This is just the beginning. You can check out the documentation for further inspiration how you can make use of system wide profiling data (https://github.com/Siemens-Healthineers/ETWAnalyzer) which can be queried from the command line.

ETWAnalyzer will not supersede WPA to analyze data. ETWAnalyzers main strength is in analyzing known patterns quickly in large amounts of extracted ETW data. Querying 10 GB of ETW data becomes a few hundred MB of extracted JSON data which has no slow symbol server lookup times anymore.

Happy bug hunting with your new tool!

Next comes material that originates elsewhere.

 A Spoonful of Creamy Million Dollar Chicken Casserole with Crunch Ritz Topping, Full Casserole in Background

If you find bugs or have ideas how to improve the tool it would be great if you file an issue.

The Case Of A Stuck LoadLibrary Call

I frequently encounter impossible bugs which after full analysis have a reasonable explanation although I have no source code to the problematic library. Todays fault is featured by

….

suspense

the Intel Math Kernel Library.

Lets use some fancy neural network library (AlgoLibrary!UsingCaffee) like Berkeley AI caffee.dll which in turn uses the Intel Math Kernel Library (mkl_core.dll) which hangs forever in a call to LoadLibrary. The first thing to do when you are stuck is taking memory dump (e.g. use Task Manager or procdump)

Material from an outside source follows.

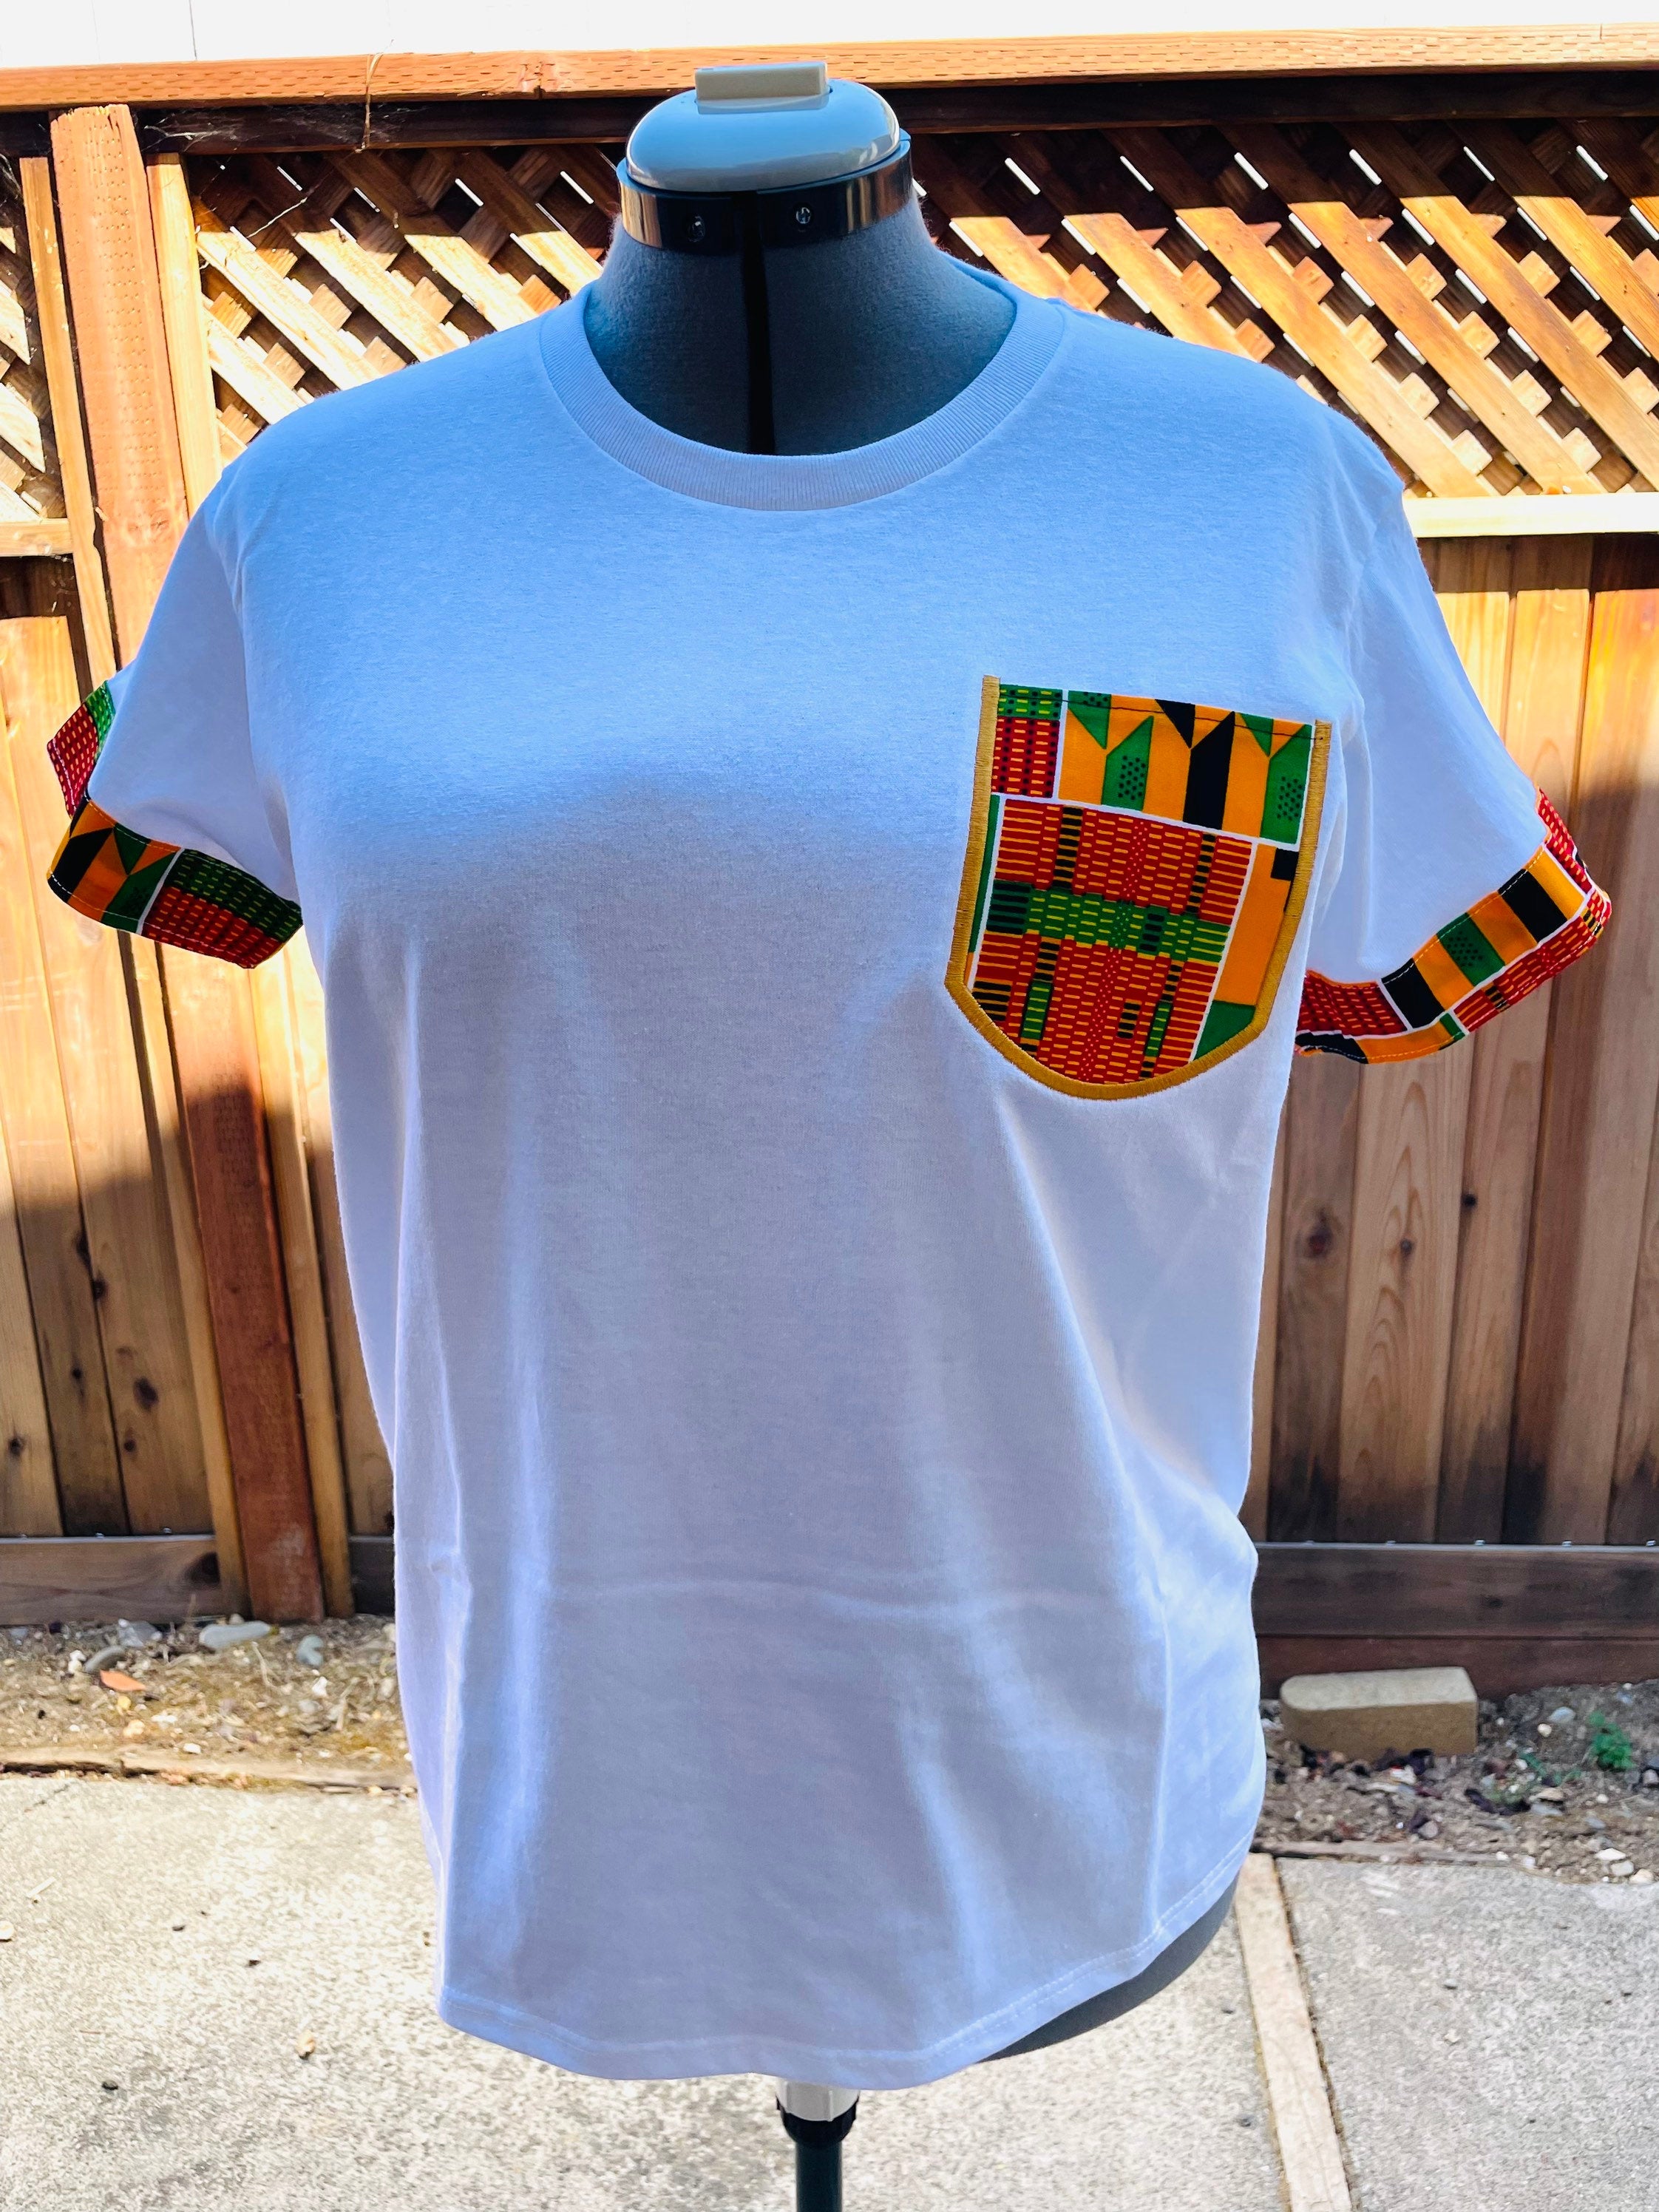 Adult unisex t-shirt with African print fabric on sleeves and pocket

and loading it into Windbg or Visual Studio. Since you are reading this I assume you want to know more about the mysterious commands Windbg has to offer. You can load a memory dump into Windbg from the File – Menu

To get an overview where all threads of a process are standing or executing you can dump with the ~* command the following command on all threads. The dump thread stack command in Windbg is k. To dump all threads you need to execute therefore

~*k

107  Id: 67b0.8094 Suspend: 0 Teb: 00000049`9df88000 Unfrozen
Call Site
ntdll!NtWaitForSingleObject+0x14
ntdll!LdrpDrainWorkQueue+0xe5
ntdll!LdrpLoadDllInternal+0xc2
ntdll!LdrpLoadDll+0xf1
ntdll!LdrLoadDll+0x8c
KERNELBASE!LoadLibraryExW+0x16f
KERNELBASE!LoadLibraryExA+0x31
KERNELBASE!LoadLibraryA+0x39
mkl_core!mkl_serv_mpi_get_ppn+0x48
mkl_core!mkl_serv_mkl_malloc+0x7e7
caffe!caffe::CaffeMallocHost+0x16
caffe!caffe::SyncedMemory::to_cpu+0x116
caffe!caffe::SyncedMemory::mutable_cpu_data+0xe
caffe!caffe::Blob<float>::Reshape+0x175
caffe!caffe::Blob<float>::Reshape+0x138
caffe!caffe::InputLayer<float>::LayerSetUp+0x184
caffe!caffe::Layer<float>::SetUp+0x15
caffe!caffe::Net<float>::Init+0x898
caffe!caffe::Net<float>::Net<float>+0x473
AlgoLibrary!UsingCaffee

When you load a memory dump into Windbg you can issues with the k command a full stack walk which will output hopefully a nice stack trace after you have resolved your symbols from Microsoft, Intel and the caffee.dll. We see that LoadLibrary is stuck while caffee tries to allocate memory which internally loads a library. We would expect that our call from AlgoLibrary!UsingCaffee should be finished within a few ms. But this one hangs forever.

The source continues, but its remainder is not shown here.